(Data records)
..............................
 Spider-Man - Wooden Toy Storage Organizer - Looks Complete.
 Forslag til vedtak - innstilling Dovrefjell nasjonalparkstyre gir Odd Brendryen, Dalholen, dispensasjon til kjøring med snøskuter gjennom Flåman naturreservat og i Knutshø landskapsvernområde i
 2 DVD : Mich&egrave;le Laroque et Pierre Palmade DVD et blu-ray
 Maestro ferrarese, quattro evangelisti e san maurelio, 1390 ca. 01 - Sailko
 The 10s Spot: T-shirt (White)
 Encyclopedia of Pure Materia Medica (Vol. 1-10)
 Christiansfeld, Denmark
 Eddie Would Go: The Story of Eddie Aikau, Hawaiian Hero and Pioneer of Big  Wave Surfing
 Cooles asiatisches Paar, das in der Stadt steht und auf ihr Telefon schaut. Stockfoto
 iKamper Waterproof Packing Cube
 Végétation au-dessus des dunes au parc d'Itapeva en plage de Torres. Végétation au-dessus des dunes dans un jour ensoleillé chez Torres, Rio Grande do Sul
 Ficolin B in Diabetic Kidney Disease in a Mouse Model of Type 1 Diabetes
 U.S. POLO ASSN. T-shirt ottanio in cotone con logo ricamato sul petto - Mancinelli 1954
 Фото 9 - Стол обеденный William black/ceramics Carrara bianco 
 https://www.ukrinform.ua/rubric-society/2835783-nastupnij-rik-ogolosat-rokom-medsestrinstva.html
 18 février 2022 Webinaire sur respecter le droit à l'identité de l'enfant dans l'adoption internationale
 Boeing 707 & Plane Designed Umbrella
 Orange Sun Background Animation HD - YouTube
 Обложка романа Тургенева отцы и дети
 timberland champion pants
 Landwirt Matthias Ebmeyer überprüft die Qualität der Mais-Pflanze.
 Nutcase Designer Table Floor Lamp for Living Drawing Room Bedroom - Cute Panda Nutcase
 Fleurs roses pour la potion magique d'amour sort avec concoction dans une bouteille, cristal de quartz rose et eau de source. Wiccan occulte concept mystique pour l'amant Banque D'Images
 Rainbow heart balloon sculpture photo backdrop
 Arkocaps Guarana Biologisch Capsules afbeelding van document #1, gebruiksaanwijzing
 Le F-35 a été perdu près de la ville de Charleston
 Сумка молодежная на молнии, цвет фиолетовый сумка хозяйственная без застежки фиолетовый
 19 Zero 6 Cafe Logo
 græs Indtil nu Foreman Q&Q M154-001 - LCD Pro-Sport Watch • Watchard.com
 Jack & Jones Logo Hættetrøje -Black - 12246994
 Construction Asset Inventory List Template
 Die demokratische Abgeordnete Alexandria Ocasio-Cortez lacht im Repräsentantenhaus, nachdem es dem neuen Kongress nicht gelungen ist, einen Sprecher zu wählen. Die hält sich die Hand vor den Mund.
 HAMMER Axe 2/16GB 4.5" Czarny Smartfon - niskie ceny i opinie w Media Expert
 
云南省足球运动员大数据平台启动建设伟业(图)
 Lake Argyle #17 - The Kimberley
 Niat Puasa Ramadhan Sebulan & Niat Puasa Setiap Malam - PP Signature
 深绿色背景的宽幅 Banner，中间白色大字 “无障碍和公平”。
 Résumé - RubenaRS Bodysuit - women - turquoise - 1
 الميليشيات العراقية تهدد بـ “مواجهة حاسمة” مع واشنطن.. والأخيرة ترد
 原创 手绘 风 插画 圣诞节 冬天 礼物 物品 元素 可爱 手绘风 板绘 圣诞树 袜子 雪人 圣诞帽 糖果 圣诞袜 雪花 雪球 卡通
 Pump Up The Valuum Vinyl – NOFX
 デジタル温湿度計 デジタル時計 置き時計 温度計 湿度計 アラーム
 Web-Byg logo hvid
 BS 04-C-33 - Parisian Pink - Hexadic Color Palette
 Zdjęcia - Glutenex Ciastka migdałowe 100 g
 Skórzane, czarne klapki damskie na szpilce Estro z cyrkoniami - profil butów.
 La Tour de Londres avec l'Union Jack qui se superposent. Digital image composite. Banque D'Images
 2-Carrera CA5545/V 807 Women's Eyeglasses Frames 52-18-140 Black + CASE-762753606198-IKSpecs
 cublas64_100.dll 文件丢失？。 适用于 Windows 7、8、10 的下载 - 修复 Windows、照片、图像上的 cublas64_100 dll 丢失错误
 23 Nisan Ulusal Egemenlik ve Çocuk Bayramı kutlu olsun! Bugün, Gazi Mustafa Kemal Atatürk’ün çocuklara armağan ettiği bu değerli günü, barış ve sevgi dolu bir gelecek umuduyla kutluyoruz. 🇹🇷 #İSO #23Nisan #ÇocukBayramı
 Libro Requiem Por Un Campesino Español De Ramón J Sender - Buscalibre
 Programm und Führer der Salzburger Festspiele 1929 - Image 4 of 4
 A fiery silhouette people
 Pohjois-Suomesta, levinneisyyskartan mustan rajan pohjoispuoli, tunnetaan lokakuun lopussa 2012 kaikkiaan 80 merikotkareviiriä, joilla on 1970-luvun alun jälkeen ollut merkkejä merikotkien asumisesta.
..............................
§ **Instructions to follow**:
Retype the entries one by one, exactly.

§ **Response**:
 Spider-Man - Wooden Toy Storage Organizer - Looks Complete.
 Forslag til vedtak - innstilling Dovrefjell nasjonalparkstyre gir Odd Brendryen, Dalholen, dispensasjon til kjøring med snøskuter gjennom Flåman naturreservat og i Knutshø landskapsvernområde i
 2 DVD : Mich&egrave;le Laroque et Pierre Palmade DVD et blu-ray
 Maestro ferrarese, quattro evangelisti e san maurelio, 1390 ca. 01 - Sailko
 The 10s Spot: T-shirt (White)
 Encyclopedia of Pure Materia Medica (Vol. 1-10)
 Christiansfeld, Denmark
 Eddie Would Go: The Story of Eddie Aikau, Hawaiian Hero and Pioneer of Big  Wave Surfing
 Cooles asiatisches Paar, das in der Stadt steht und auf ihr Telefon schaut. Stockfoto
 iKamper Waterproof Packing Cube
 Végétation au-dessus des dunes au parc d'Itapeva en plage de Torres. Végétation au-dessus des dunes dans un jour ensoleillé chez Torres, Rio Grande do Sul
 Ficolin B in Diabetic Kidney Disease in a Mouse Model of Type 1 Diabetes
 U.S. POLO ASSN. T-shirt ottanio in cotone con logo ricamato sul petto - Mancinelli 1954
 Фото 9 - Стол обеденный William black/ceramics Carrara bianco 
 https://www.ukrinform.ua/rubric-society/2835783-nastupnij-rik-ogolosat-rokom-medsestrinstva.html
 18 février 2022 Webinaire sur respecter le droit à l'identité de l'enfant dans l'adoption internationale
 Boeing 707 & Plane Designed Umbrella
 Orange Sun Background Animation HD - YouTube
 Обложка романа Тургенева отцы и дети
 timberland champion pants
 Landwirt Matthias Ebmeyer überprüft die Qualität der Mais-Pflanze.
 Nutcase Designer Table Floor Lamp for Living Drawing Room Bedroom - Cute Panda Nutcase
 Fleurs roses pour la potion magique d'amour sort avec concoction dans une bouteille, cristal de quartz rose et eau de source. Wiccan occulte concept mystique pour l'amant Banque D'Images
 Rainbow heart balloon sculpture photo backdrop
 Arkocaps Guarana Biologisch Capsules afbeelding van document #1, gebruiksaanwijzing
 Le F-35 a été perdu près de la ville de Charleston
 Сумка молодежная на молнии, цвет фиолетовый сумка хозяйственная без застежки фиолетовый
 19 Zero 6 Cafe Logo
 græs Indtil nu Foreman Q&Q M154-001 - LCD Pro-Sport Watch • Watchard.com
 Jack & Jones Logo Hættetrøje -Black - 12246994
 Construction Asset Inventory List Template
 Die demokratische Abgeordnete Alexandria Ocasio-Cortez lacht im Repräsentantenhaus, nachdem es dem neuen Kongress nicht gelungen ist, einen Sprecher zu wählen. Die hält sich die Hand vor den Mund.
 HAMMER Axe 2/16GB 4.5" Czarny Smartfon - niskie ceny i opinie w Media Expert
 
云南省足球运动员大数据平台启动建设伟业(图)
 Lake Argyle #17 - The Kimberley
 Niat Puasa Ramadhan Sebulan & Niat Puasa Setiap Malam - PP Signature
 深绿色背景的宽幅 Banner，中间白色大字 “无障碍和公平”。
 Résumé - RubenaRS Bodysuit - women - turquoise - 1
 الميليشيات العراقية تهدد بـ “مواجهة حاسمة” مع واشنطن.. والأخيرة ترد
 原创 手绘 风 插画 圣诞节 冬天 礼物 物品 元素 可爱 手绘风 板绘 圣诞树 袜子 雪人 圣诞帽 糖果 圣诞袜 雪花 雪球 卡通
 Pump Up The Valuum Vinyl – NOFX
 デジタル温湿度計 デジタル時計 置き時計 温度計 湿度計 アラーム
 Web-Byg logo hvid
 BS 04-C-33 - Parisian Pink - Hexadic Color Palette
 Zdjęcia - Glutenex Ciastka migdałowe 100 g
 Skórzane, czarne klapki damskie na szpilce Estro z cyrkoniami - profil butów.
 La Tour de Londres avec l'Union Jack qui se superposent. Digital image composite. Banque D'Images
 2-Carrera CA5545/V 807 Women's Eyeglasses Frames 52-18-140 Black + CASE-762753606198-IKSpecs
 cublas64_100.dll 文件丢失？。 适用于 Windows 7、8、10 的下载 - 修复 Windows、照片、图像上的 cublas64_100 dll 丢失错误
 23 Nisan Ulusal Egemenlik ve Çocuk Bayramı kutlu olsun! Bugün, Gazi Mustafa Kemal Atatürk’ün çocuklara armağan ettiği bu değerli günü, barış ve sevgi dolu bir gelecek umuduyla kutluyoruz. 🇹🇷 #İSO #23Nisan #ÇocukBayramı
 Libro Requiem Por Un Campesino Español De Ramón J Sender - Buscalibre
 Programm und Führer der Salzburger Festspiele 1929 - Image 4 of 4
 A fiery silhouette people
 Pohjois-Suomesta, levinneisyyskartan mustan rajan pohjoispuoli, tunnetaan lokakuun lopussa 2012 kaikkiaan 80 merikotkareviiriä, joilla on 1970-luvun alun jälkeen ollut merkkejä merikotkien asumisesta.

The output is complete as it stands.